Tum Mark Hoong

Perfect for summer...



Prep time

10 minutes

Cook time

30 minutes

This tangy Laotian salad makes a great side dish on a summer’s day.


20g  coriander, finely chopped
120g green beans, ends removed
300g green papaya or mooli, grated
70g carrot, grated
80g plum tomatoes, halved
50g cabbage, sliced
garlic cloves, crushed 
1 chilli, diced 
10 anchovies 
50g peanuts
1 lime
4 tsps tamarind sauce
4 tbsps fish sauce
1 tbsp soy sauce


  1. Crush together 30g of the peanuts and anchovies.
  2. Next, add the chilli and garlic, and continue to crush.
  3. Add the tamarind, fish sauce, and juice of half the lime.
  4. Mix together until a loose paste forms, then place this in a large mixing bowl.
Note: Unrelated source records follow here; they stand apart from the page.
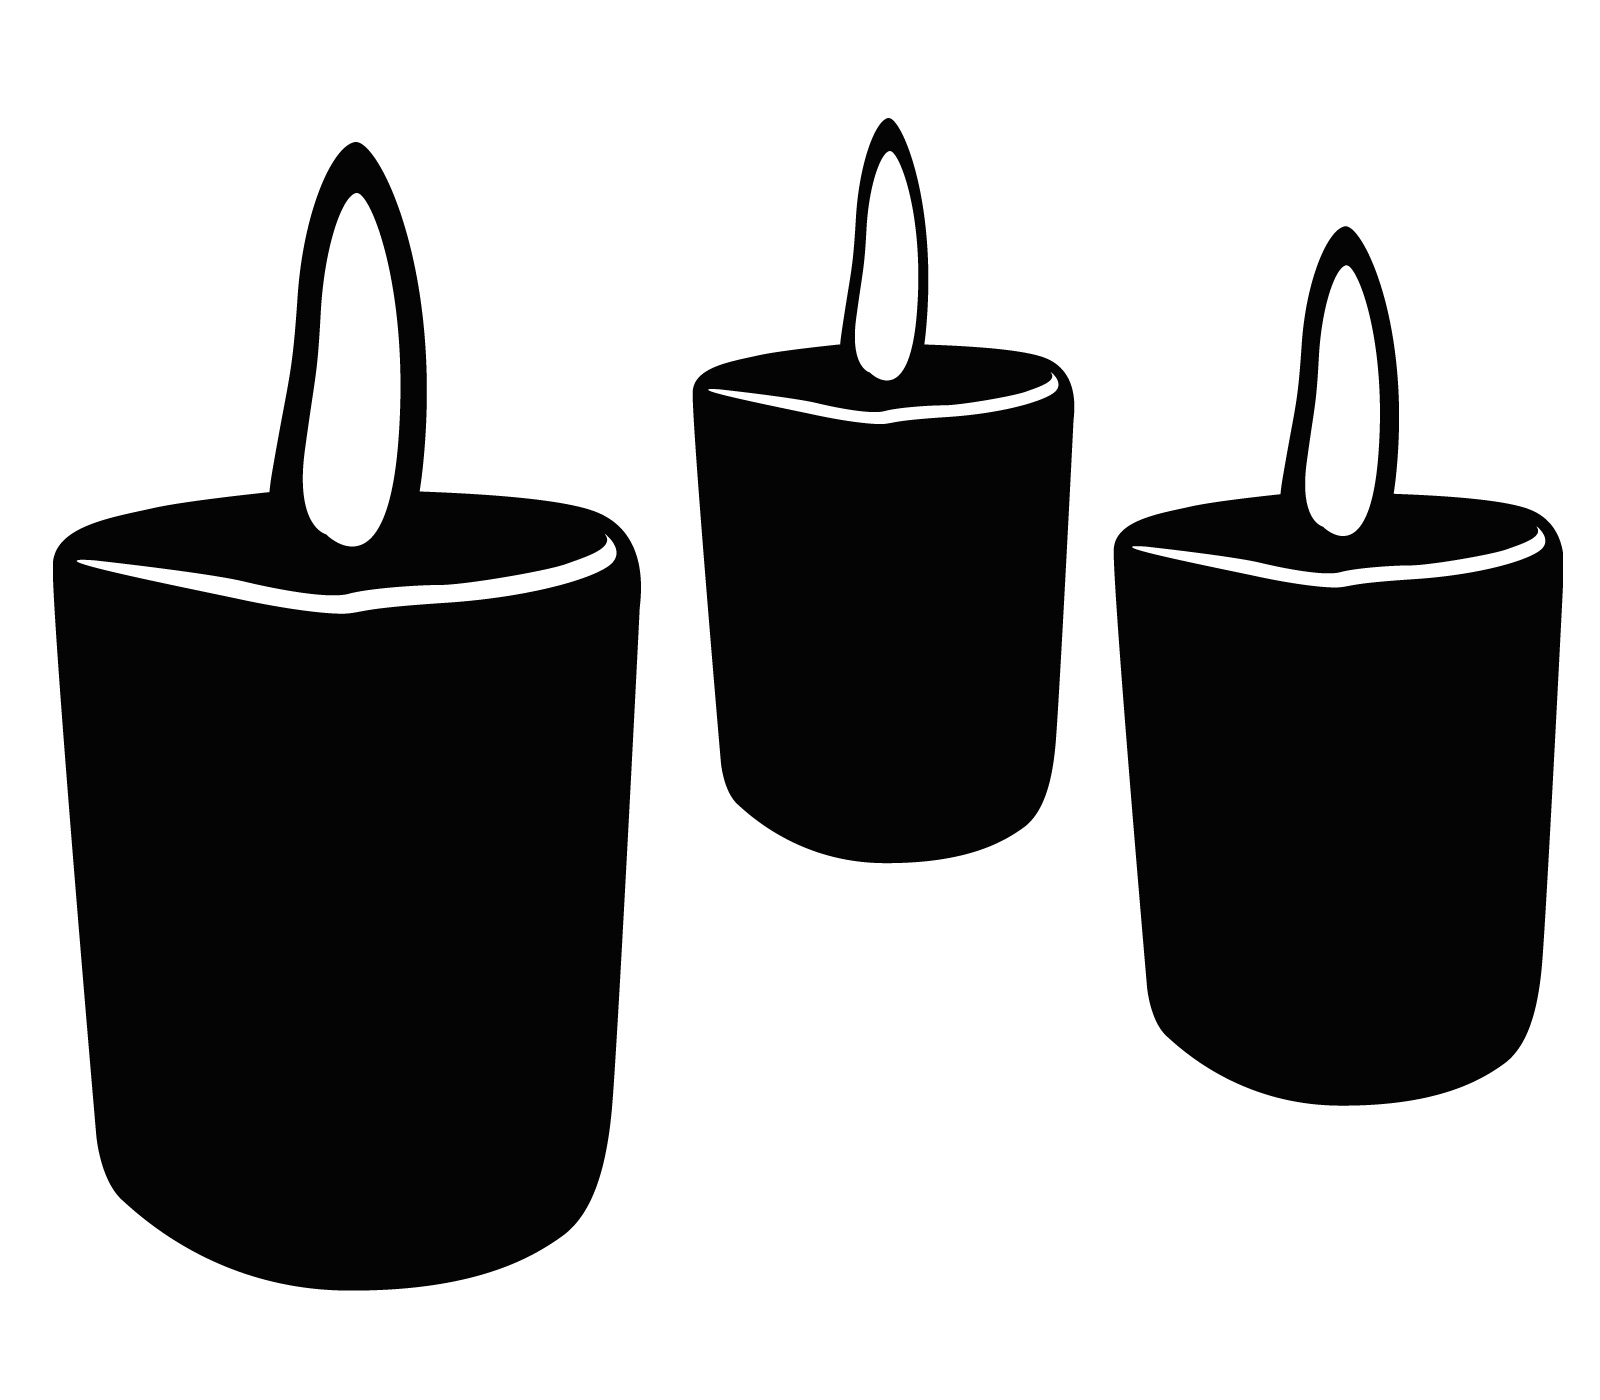 Candle taper clipart free clipart images image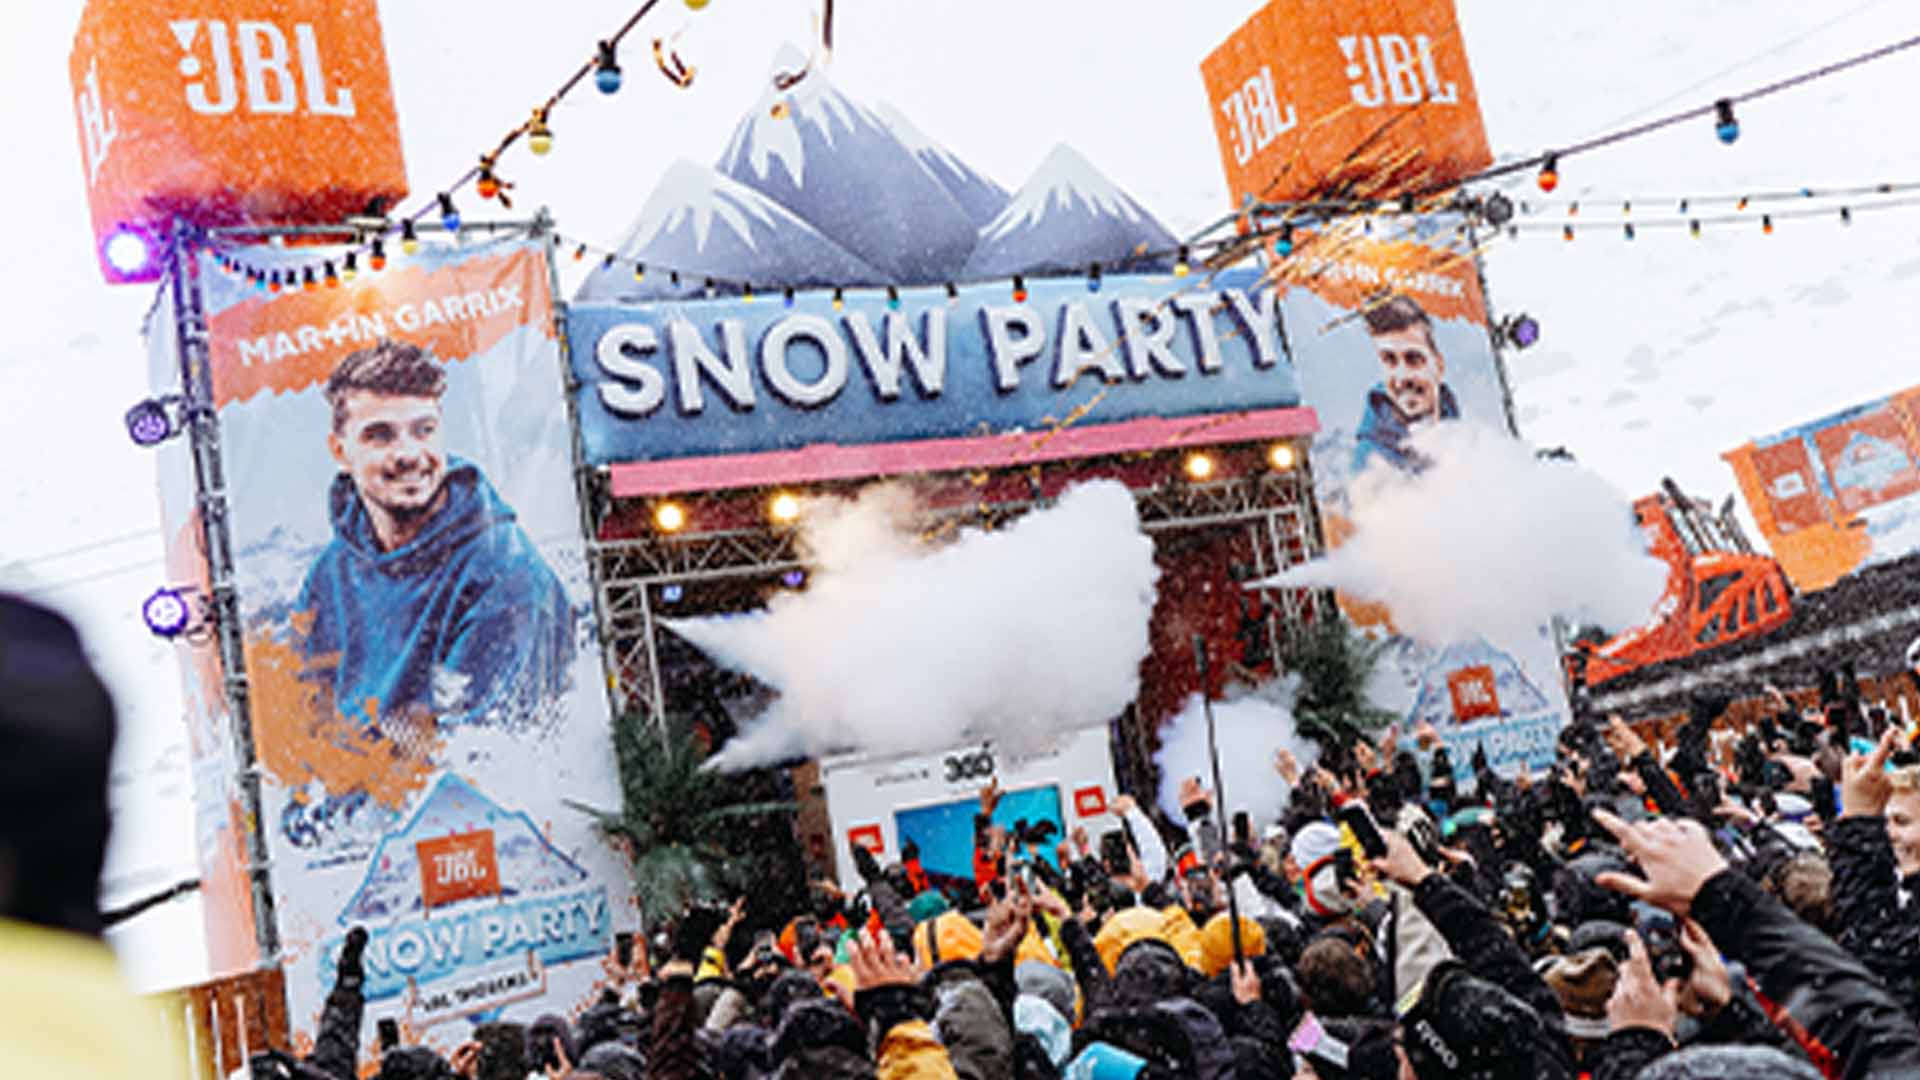 musica / JBL Snow Party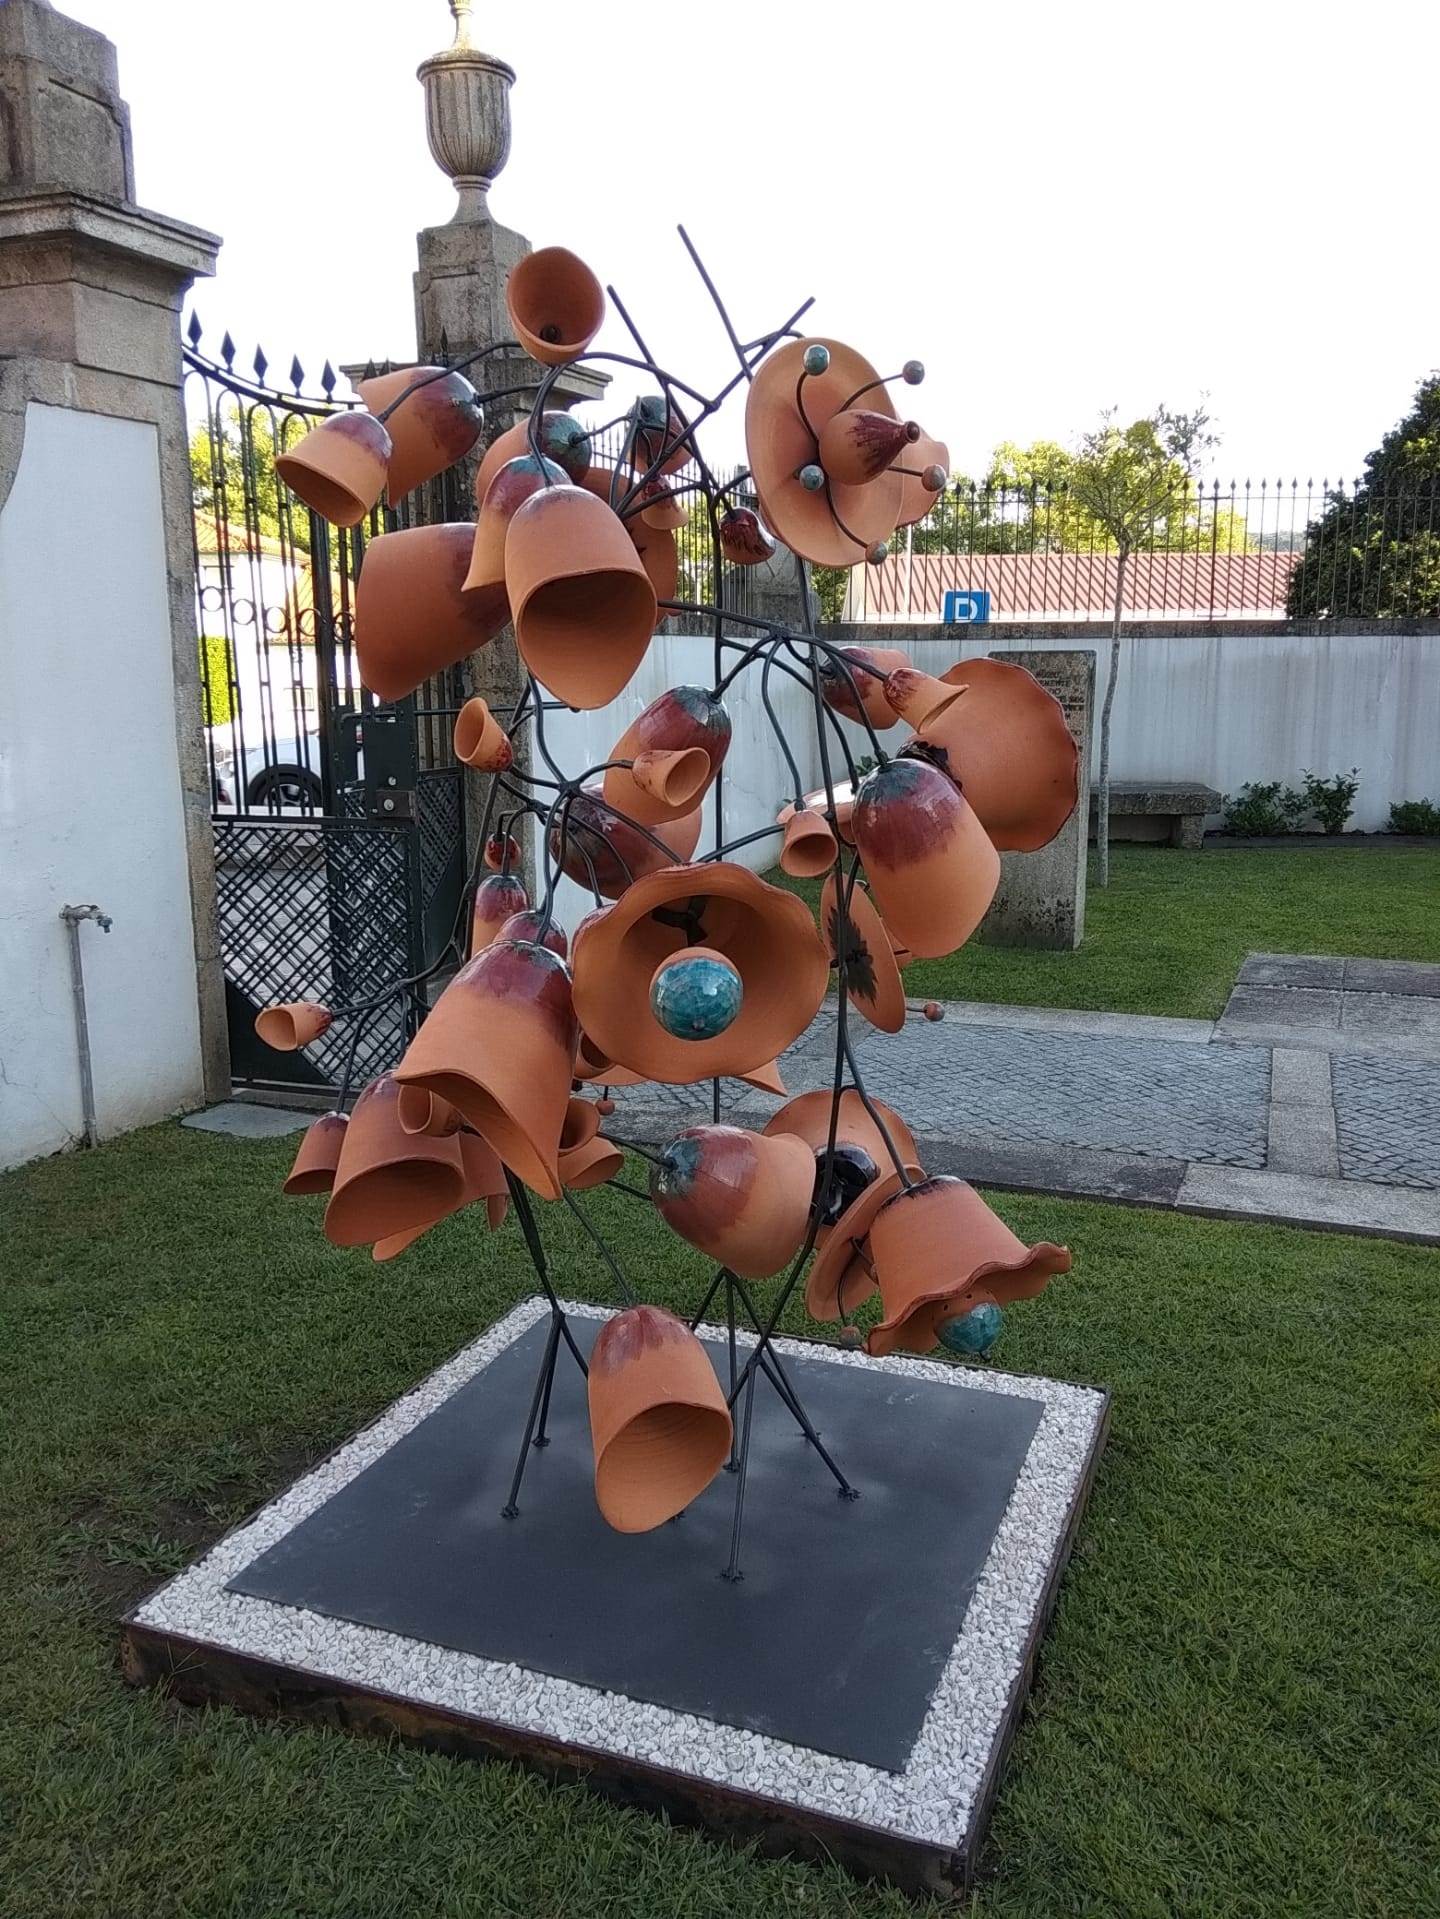 16.09.2020. Ana Almeida Pinto was in artistic residency in Barcelos where she produced a sculpture at the Pottery Museum, entitled BATTLING WITH FLOWERS, based on the artisanal techniques of pottery and ceramics and in collaboration with local artisans.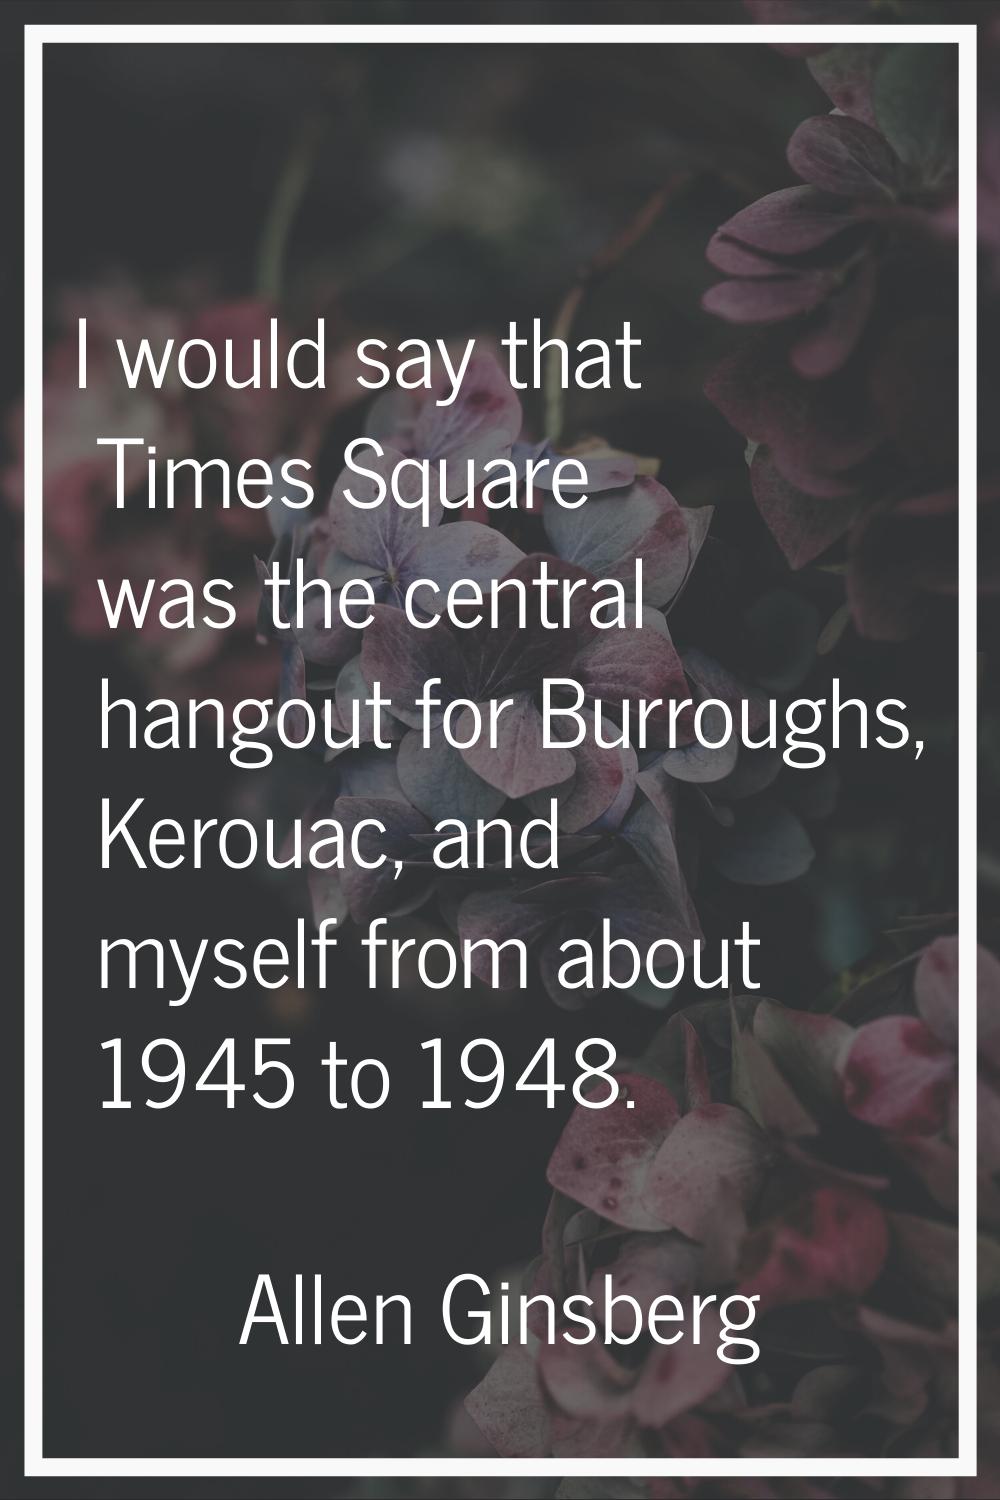 I would say that Times Square was the central hangout for Burroughs, Kerouac, and myself from about

Add the green beans and tomatoes and crush them down in a pestle and mortar or in a bowl with a spoon.
  5. Now, add the green papaya/mooli, carrot, coriander, cabbage and remaining peanuts.
  6. Mix together and serve.

Chef’s tips

In Lao green papaya is traditional however, this can easily be replaced by a number of vegetables such as mooli, carrot or courgette.